Metrics allow performance engineers to assess HPC systems and software based on properties of interest. They enable meaningful comparison between different platforms and can be used to quantify the effects of code changes.

Some metrics act as utility functions which measure the cost of running different programs. These Figure-of-Merit (FoM) metrics can be used to rank different implementations of the same algorithm in order to identify valid optimisations [22]. Runtime and energy consumption are both examples of FoM metrics.

Until recently, runtime optimisation was ubiquitous in HPC while energy optimisation has been confined to domains such as embedded systems and mobile robotics. Although energy consumption is becoming a constraint for scientific computing, minimising runtime is still an important optimisation objective.

Optimising software according to multiple properties simultaneously is known as Multi-Objective Optimisation (MOO). MOO requires FoM metrics that strike the right balance between the potentially conflicting requirements imposed by different optimisation objectives.

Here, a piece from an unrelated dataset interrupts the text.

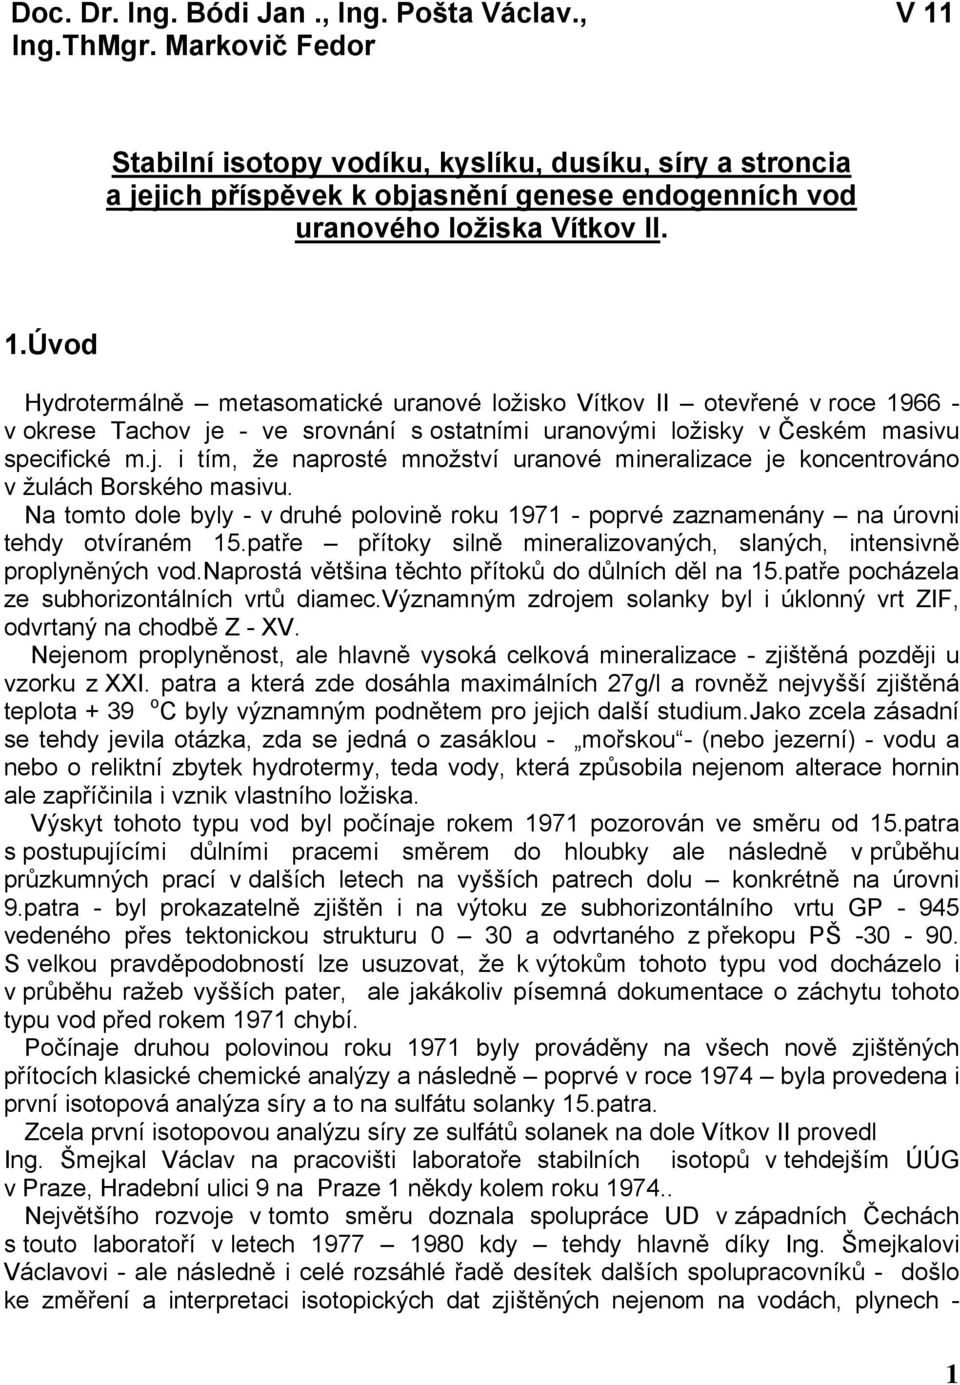 Úvod Hydrotermálně metasomatické uranové ložisko Vítkov II otevřené v roce 1966 - v okrese Tachov je - ve srovnání s ostatními uranovými ložisky v Českém masivu specifické m.j. i tím, že naprosté množství uranové mineralizace je koncentrováno v žulách Borského masivu.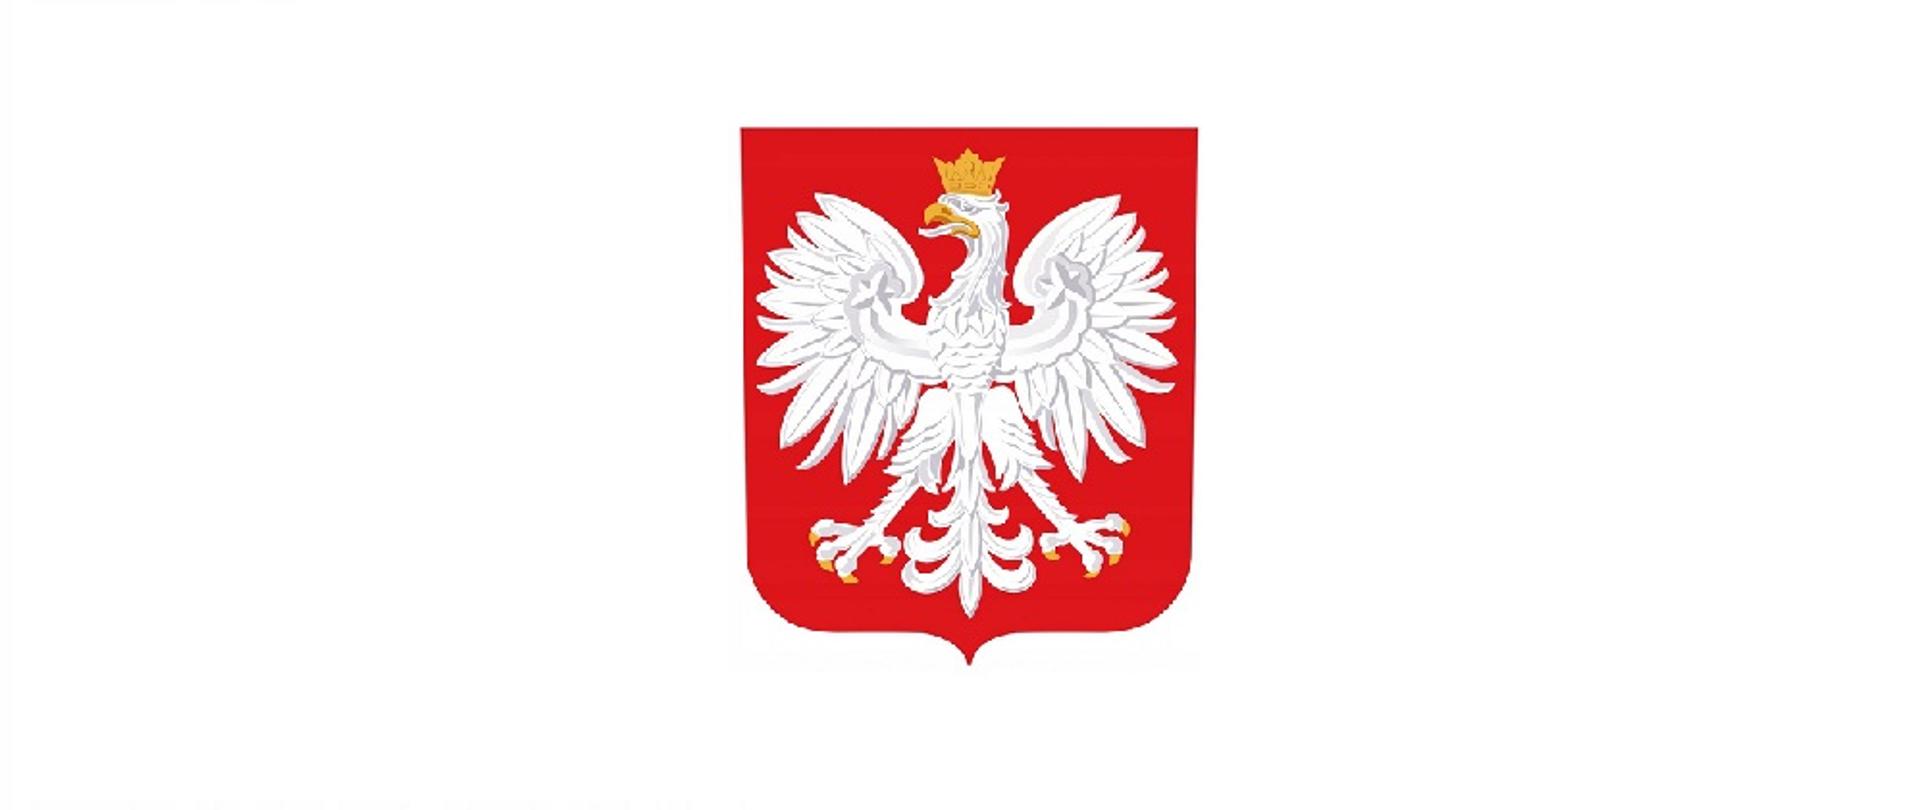 Zdjęcie przedstawia Godło Rzeczypospolitej Polskiej na białym tle

Gonzalez et al. propose Energy-Delay Product, a dimensionless FoM metric which combines the energy and runtime costs incurred by processors [17]. Martin et al. generalise this into the  $Et^n$  family of FoM metrics, with parameters E and t corresponding to energy and time [31]. They argue that  $Et^2$  provides the best balance for microprocessor design. Srinivasan et al. reach the same conclusion, although for slightly different reasons [39].

Many authors have adopted these metrics from the hardware community and applied them to software optimisation problems. Vincent et al. describe a technique which minimises  $Et^1$  using CPU throttling [15]. Bingham and Greenstreet use  $Et^n$  metrics to analyse runtime constraints imposed by a fixed energy budget for various algorithms [6]. Laros et al. use  $Et^n$  metrics to assess a number of production applications and state that  $Et^3$  strikes the right balance between runtime and energy for HPC [26].  $Et^1$  has also been used extensively to quantify the efficiency of resource provisioning and scheduling in cloud computing environments [36, 42].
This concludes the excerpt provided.